◆ **WHAT THE TASK ASKS**
Set down the whole listing below exactly. The pictures stay out.

◆ **SOURCE DATA**
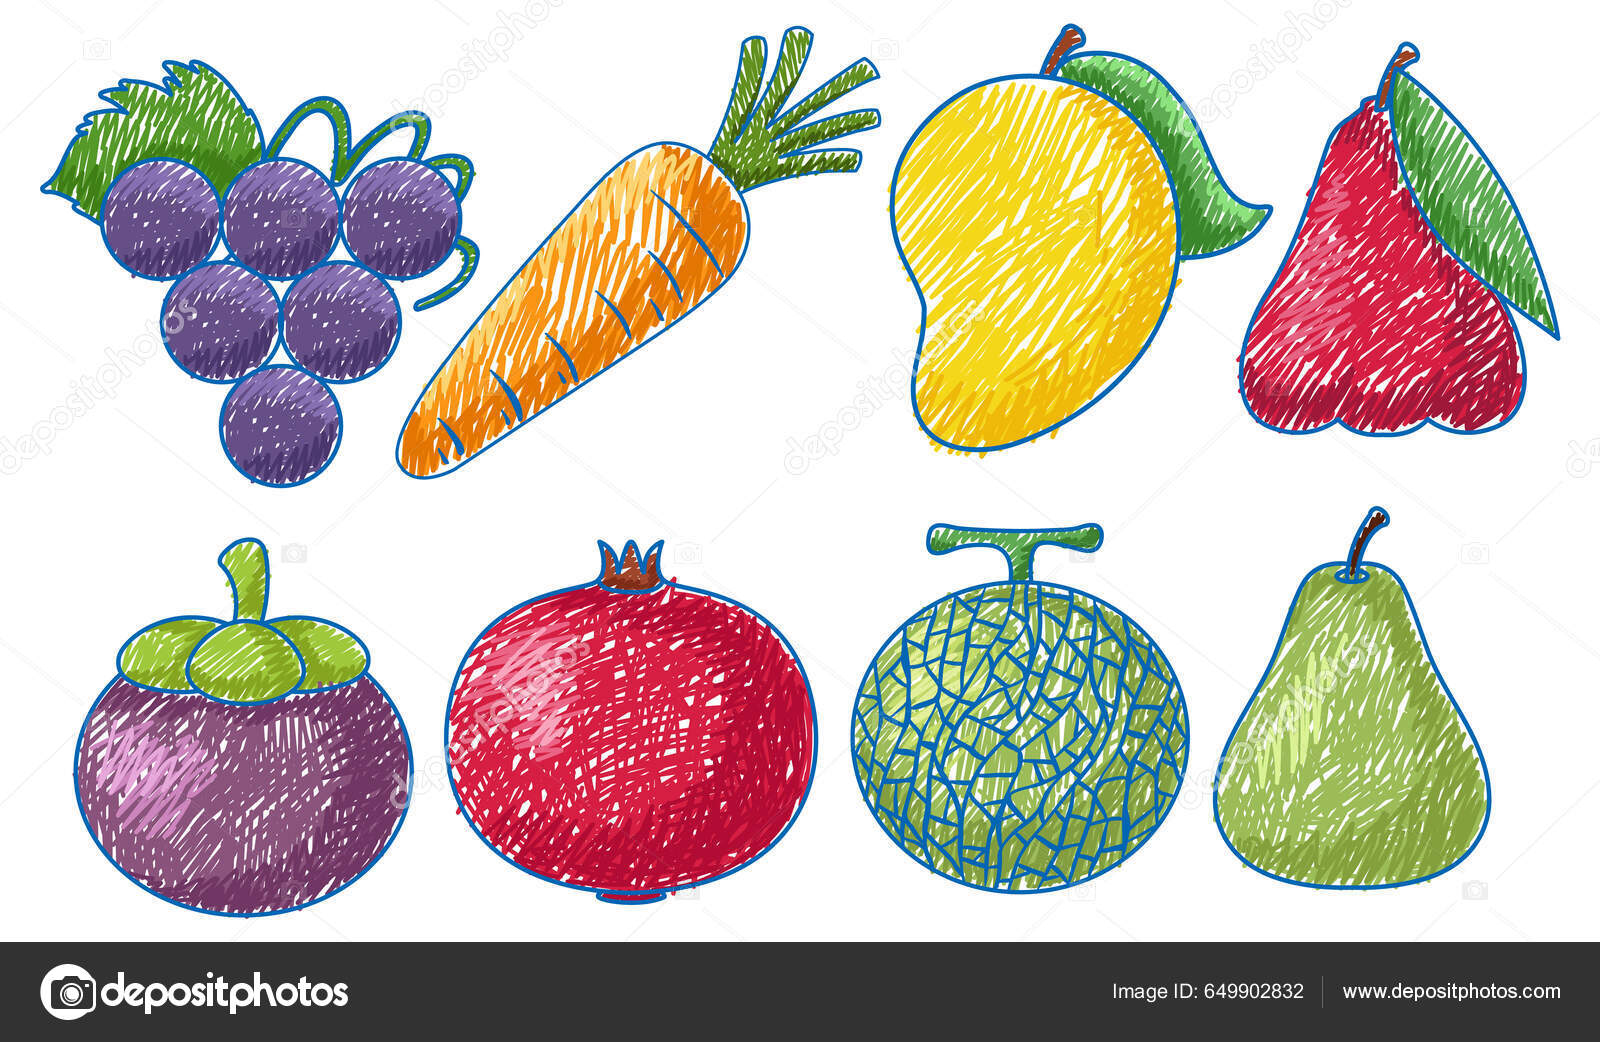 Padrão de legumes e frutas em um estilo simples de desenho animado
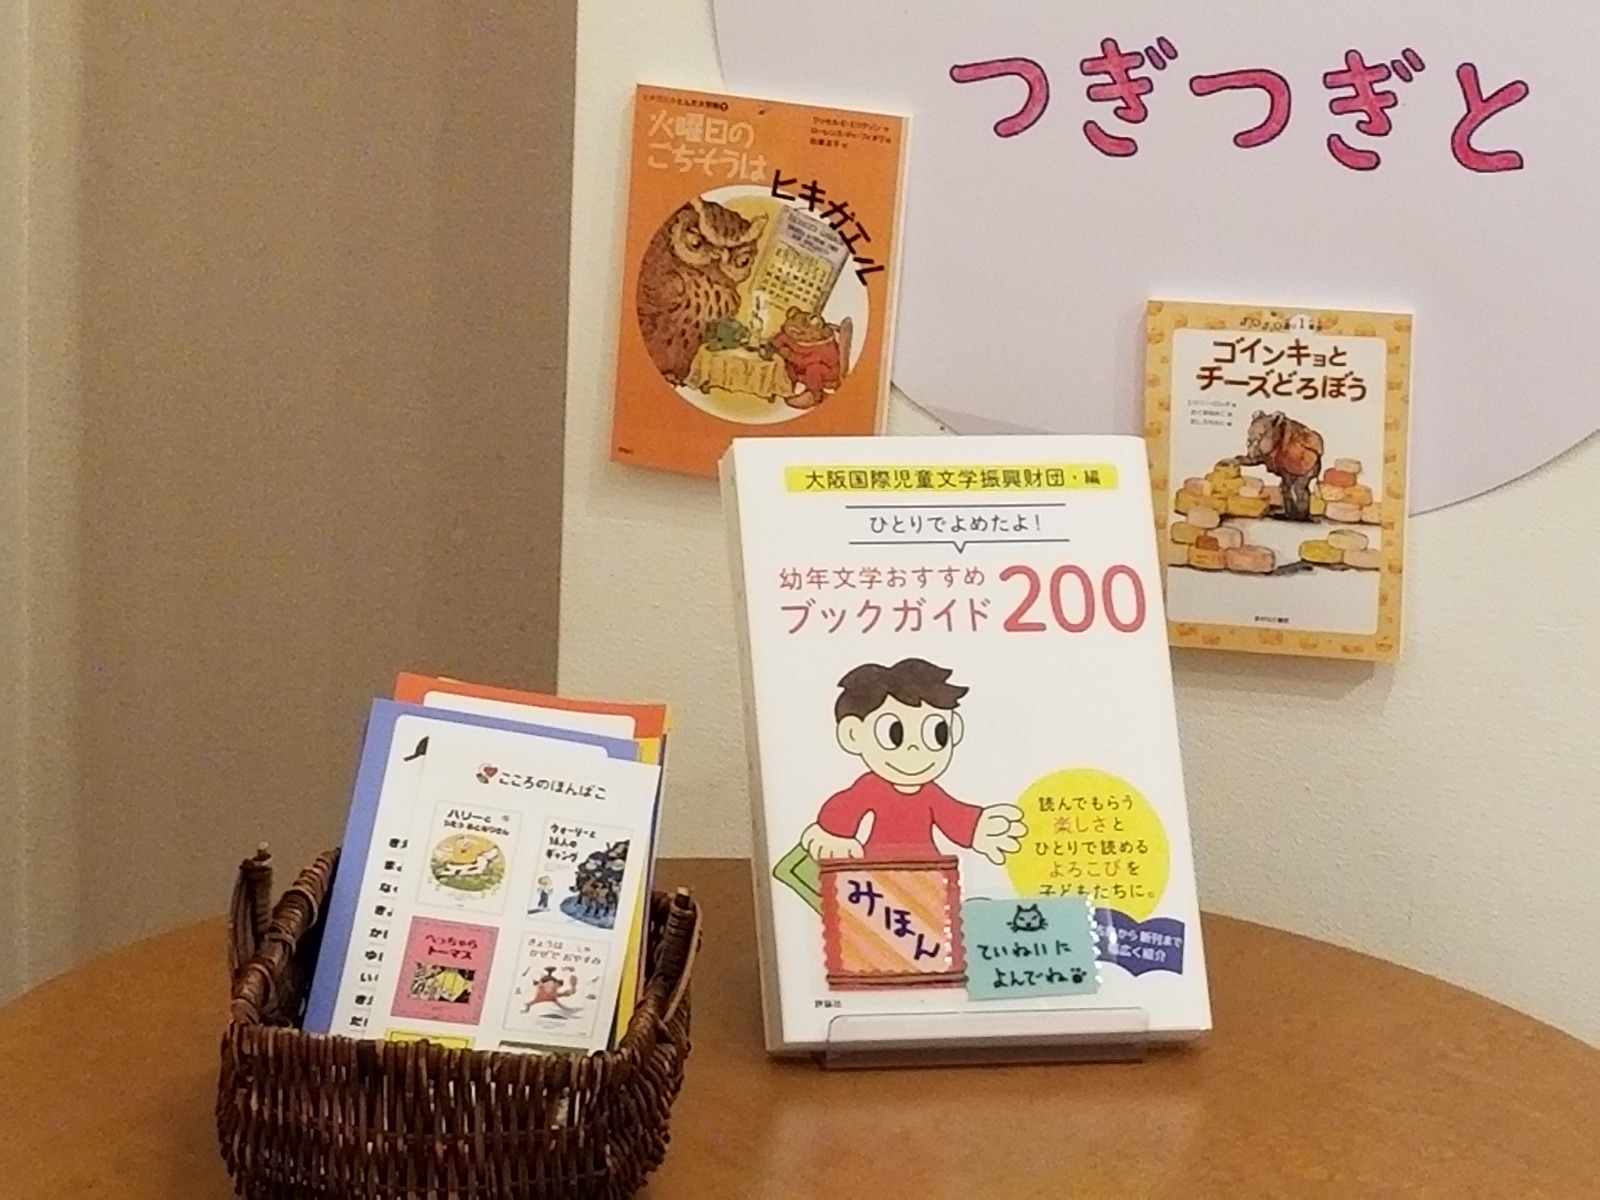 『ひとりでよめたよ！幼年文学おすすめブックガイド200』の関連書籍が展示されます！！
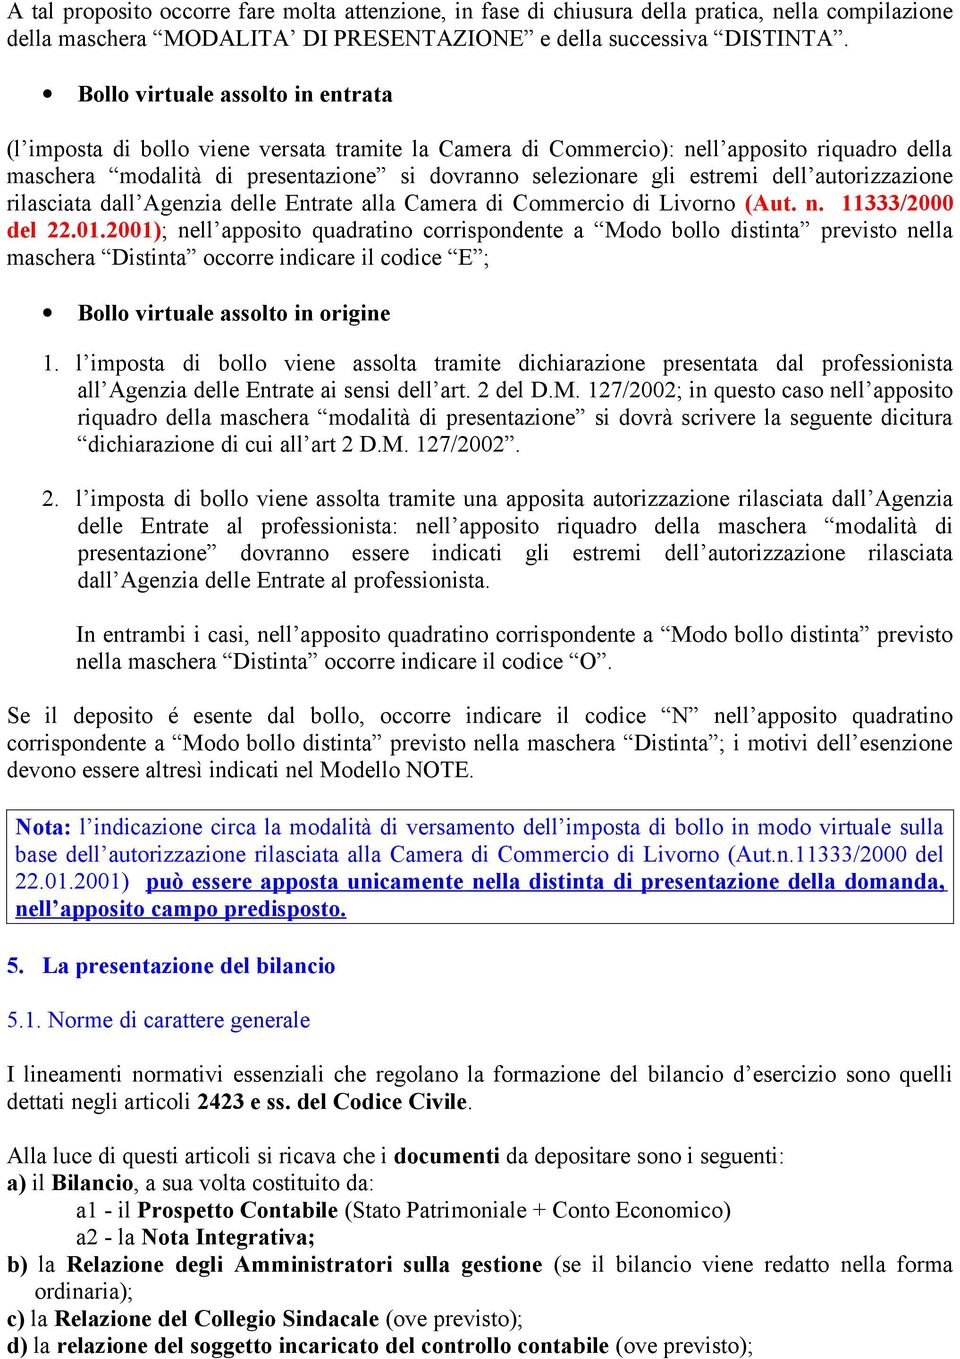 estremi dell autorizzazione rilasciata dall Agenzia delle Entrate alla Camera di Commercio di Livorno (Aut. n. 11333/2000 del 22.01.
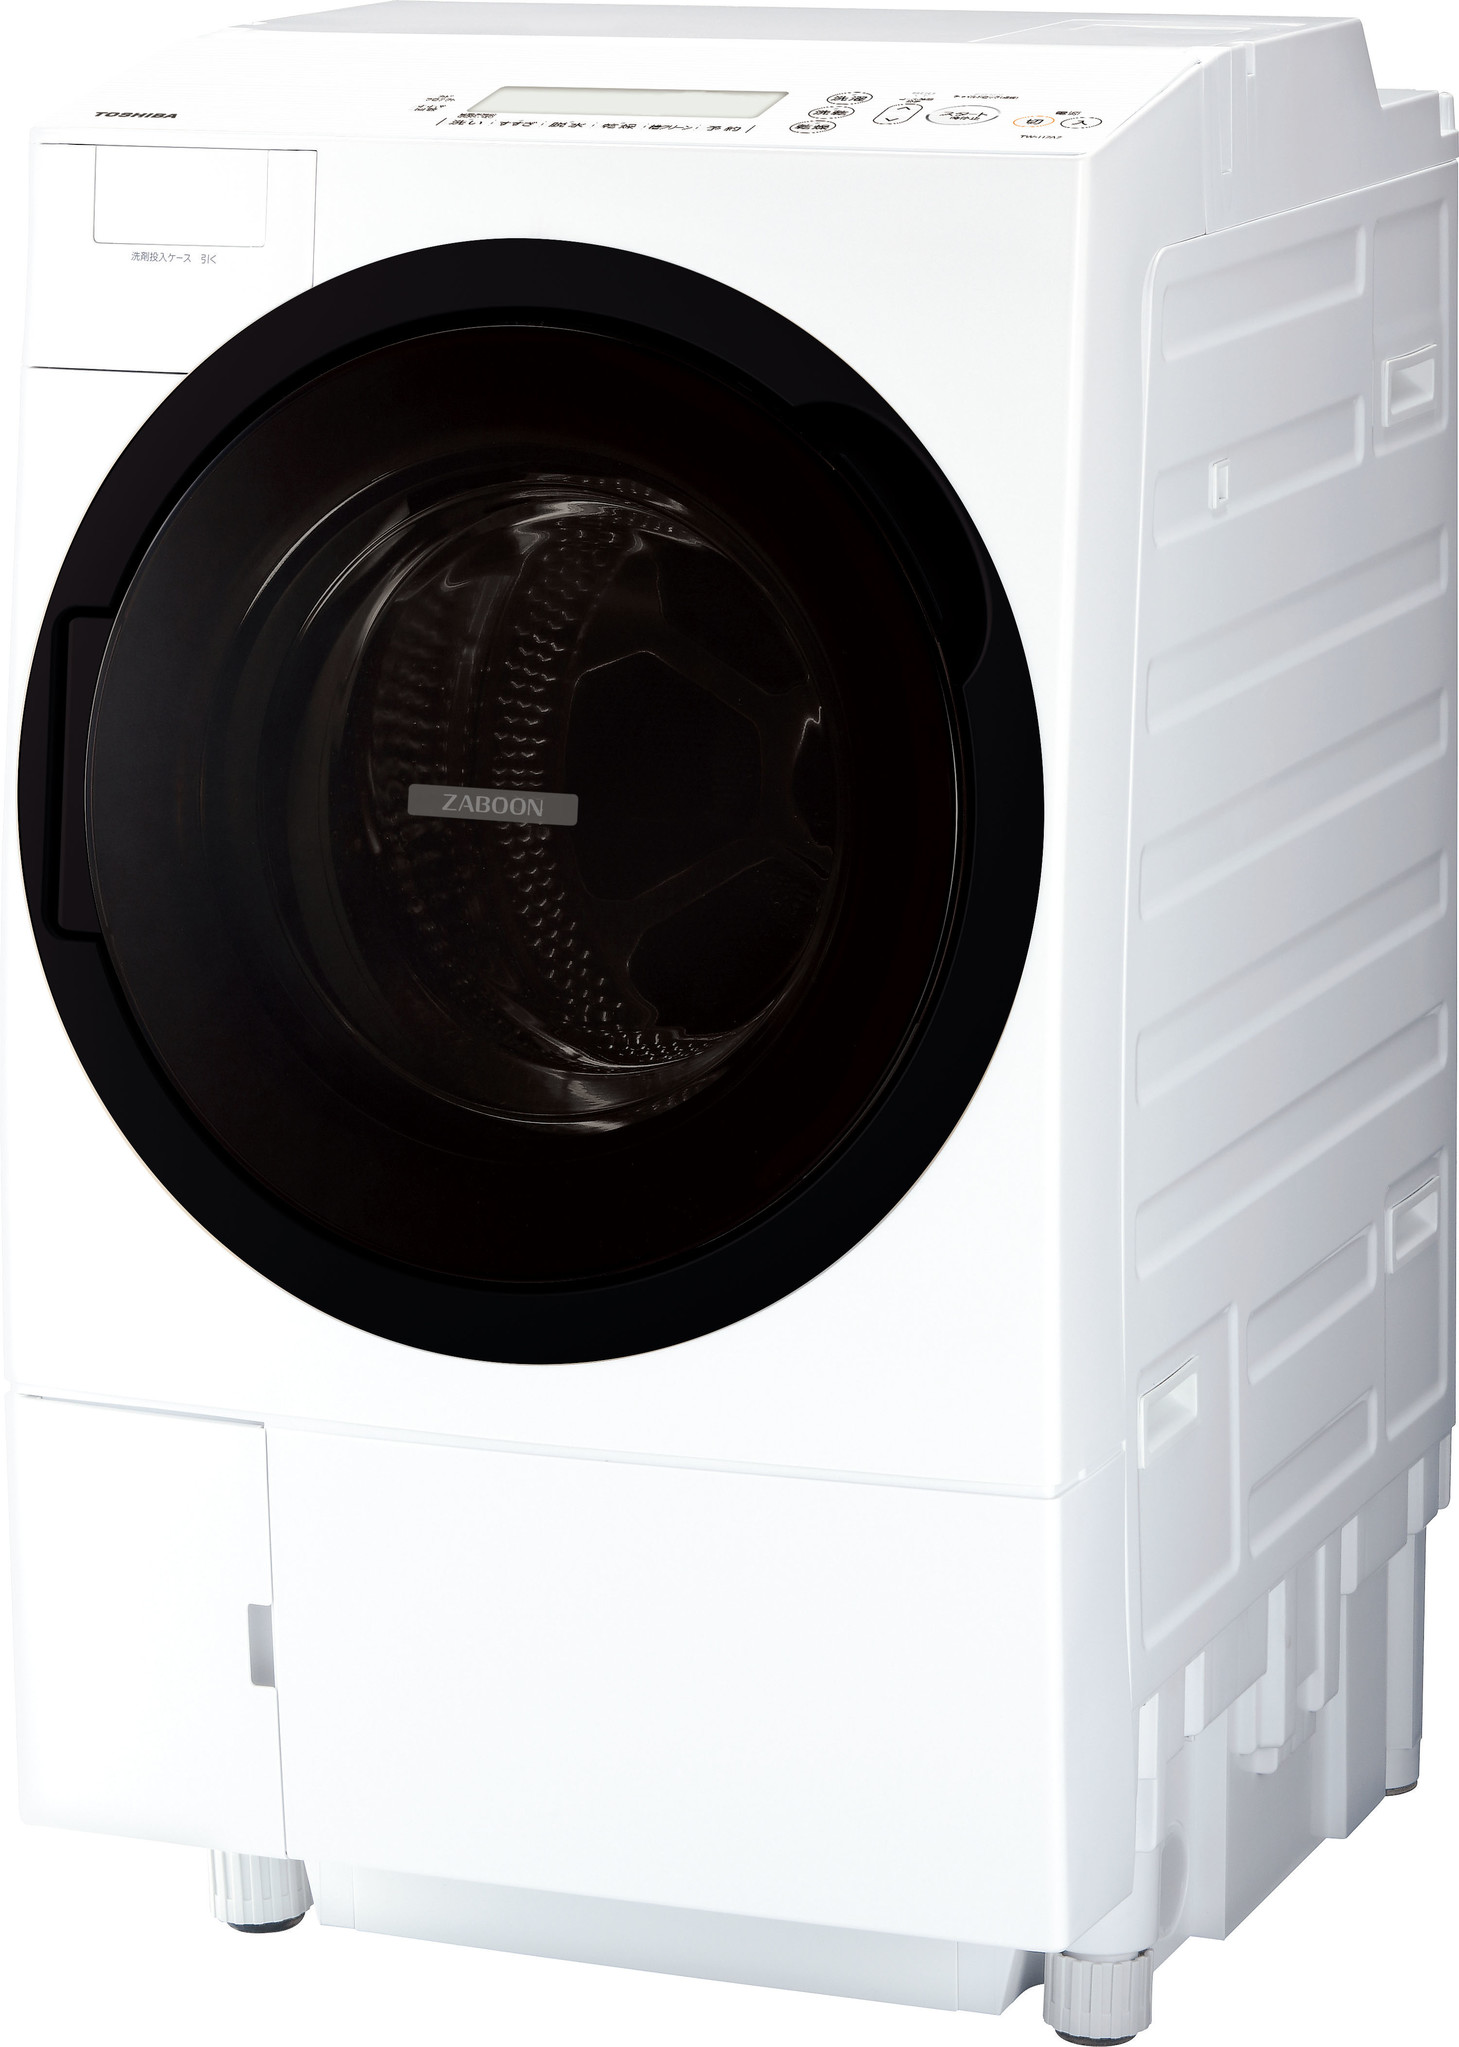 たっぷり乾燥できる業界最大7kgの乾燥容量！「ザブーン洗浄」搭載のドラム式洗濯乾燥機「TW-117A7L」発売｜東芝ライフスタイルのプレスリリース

◆ **REPLY TO THE TASK**
 Padrão de legumes e frutas em um estilo simples de desenho animado
 『ひとりでよめたよ！幼年文学おすすめブックガイド200』の関連書籍が展示されます！！
 estremi dell autorizzazione rilasciata dall Agenzia delle Entrate alla Camera di Commercio di Livorno (Aut. n. 11333/2000 del 22.01.
 たっぷり乾燥できる業界最大7kgの乾燥容量！「ザブーン洗浄」搭載のドラム式洗濯乾燥機「TW-117A7L」発売｜東芝ライフスタイルのプレスリリース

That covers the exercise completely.